Editorial Comment: Six years late, but kudos to Politburo

WE salute the Zanu-PF Politburo for finally baring its teeth by suspending national party spokesperson Rugare Gumbo and ousted renegade war veterans leader Jabulani Sibanda who had become the voices and faces of the underground lobby working to unseat President Mugabe despite the overwhelming mandate he received from millions of Zimbabweans countrywide, only last year.

What is more, President Mugabe launched and drove his own campaign. He mobilised his 61,09 percent and the party’s 73 percent share of the vote on the back of his appeal and charisma, only to have a certain clique of people that had been opposed to that polls after becoming too cosy with the MDC-T emerge and want to claim a mandate they did not earn, from an election they did not want.

Election 2013 was termed bhora mugedhi for a reason, it was the anti-thesis of the bhora musango that Vice President Mujuru and her Mavambo project drove in 2008. Bhora musango nearly drove the revolution off kilter as Zanu-PF was only saved by the constitutional requirement that set the threshold of 50 percent plus 1 for one to prevail in the presidential contest.

That is what necessitated the runoff that allowed the party to reconstitute itself outside its compromised structures to deliver the runoff.

It is was actually amazing that despite those subversive activities manifest in the self-defeating bhora musango in the run up to election 2008, nothing was done to the perpetrators.

While bhora musango condemned the country to four years of a dysfunctional inclusive Government, the sponsors of the self-destructive move were enjoying themselves as they warmed up to the MDC-T which is why they wanted to prolong the dysfunctional inclusive Government in the hope of stretching President Mugabe and progressive cadres in Zanu-PF for selfish ends.

These are the ‘moderates’ MDC-T leader Morgan Tsvangirai said he was in talks with for ‘a new Zimbabwe’.

We can’t, for the life of us, understand where Zanu-PF can be deemed to converge with the quisling MDC-T as currently constituted except for the purposes of political expediency.

Such shameless opportunism can never be tied down to a desire to consolidate the gains of the revolution, but a brazen wish to assuage the wishes of westerners who have been fighting to depose President Mugabe without success over the past 14 years.

The same forces again employed all manner of dirty tricks to influence the provincial elections last year which they somehow got the Politburo to uphold in the face of glaring shortcomings.

They employed the same modus operandi during the Youth Conference and got their way and appeared on course to do the same with the Women’s League before the timely entrance of First Lady Amai Grace Mugabe into mainstream politics.

This is why the First Lady’s nomination and endorsement to lead the Women’s League was met with such resistance from the bhora musango crew, and their media embeds orphaned by Tsvangirai’s fall from grace.

The bhora musango crew hoped to use their ill gotten influence to try to depose President Mugabe. This is why Rugare Gumbo came out saying succession (read regime change) was the critical issue facing the elective Congress.

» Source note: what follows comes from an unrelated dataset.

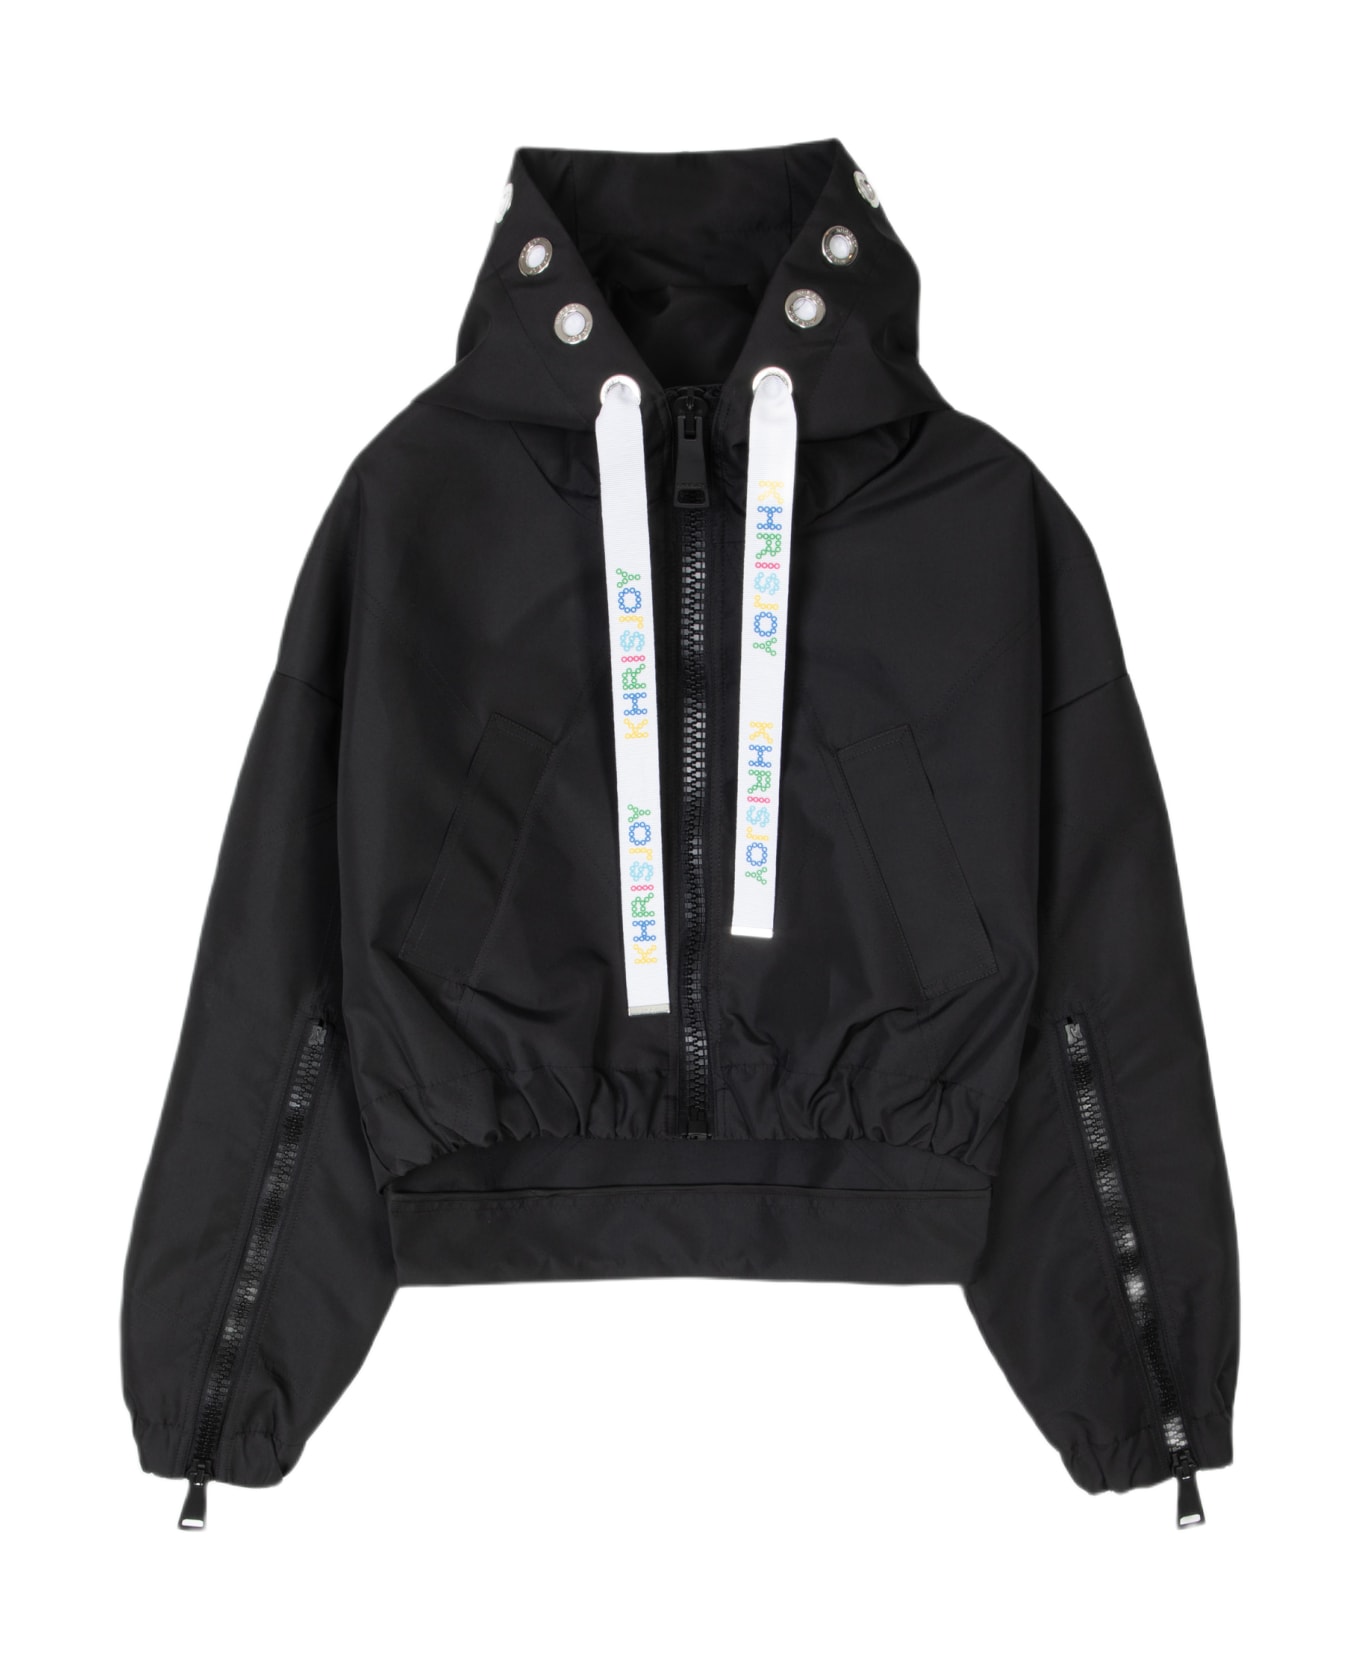 Khrisjoy New Khris Crop Windbreaker Black nylon hooded windproof jacket - New Khris Crop Windbreaker - Nero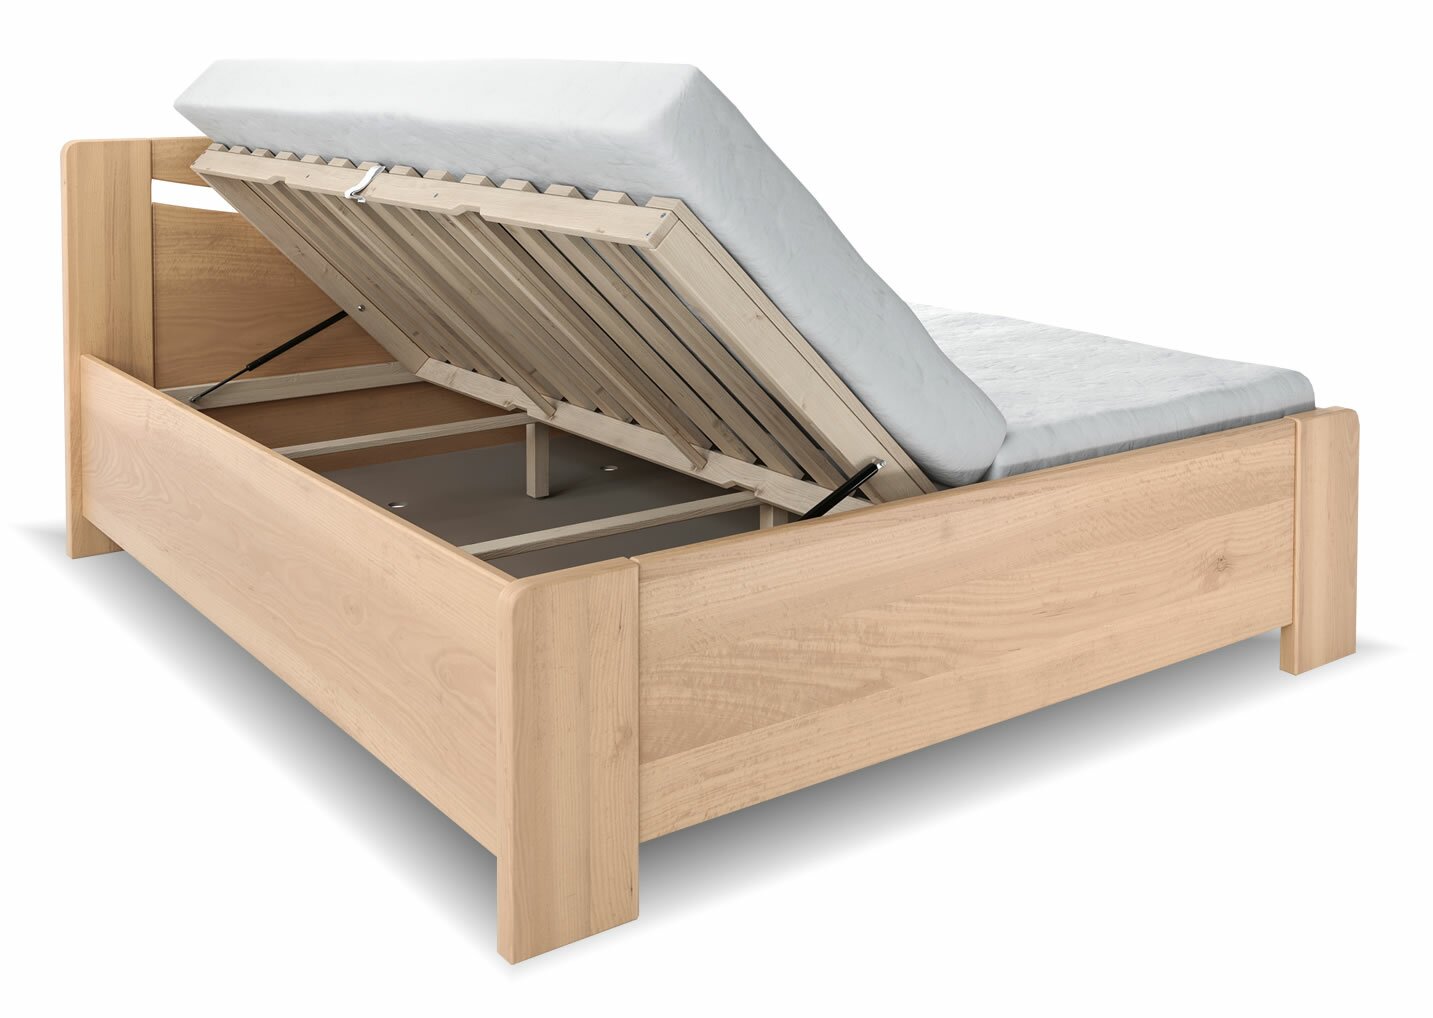 Vysoká dřevěná buková postel s úložným prostorem LINDA, rošty v ceně

They had become that daring, that brazen which is why the Politburo’s decision to suspend Rugare Gumbo and Enoch Porusingazi, and expel Jabulani Sibanda was telling and progressive.

Though it was six years too late, it came at the right time.

What the party leadership has started should morph into a full clean-up operation that takes out all the bad apples so that the post-Congress period can see the party dedicate its attention and energy towards fulfilling the noble objectives of Zim-Asset.

Zanu-PF can ill afford the luxury of sparring with internal and external enemies as Zim-Asset requires the spirit of not only Team Zanu-PF but Team Zimbabwe with every citizen doing their bit to contribute to the collective in line with the Gestalt philosophy that holds that the whole is greater than the sum of its parts.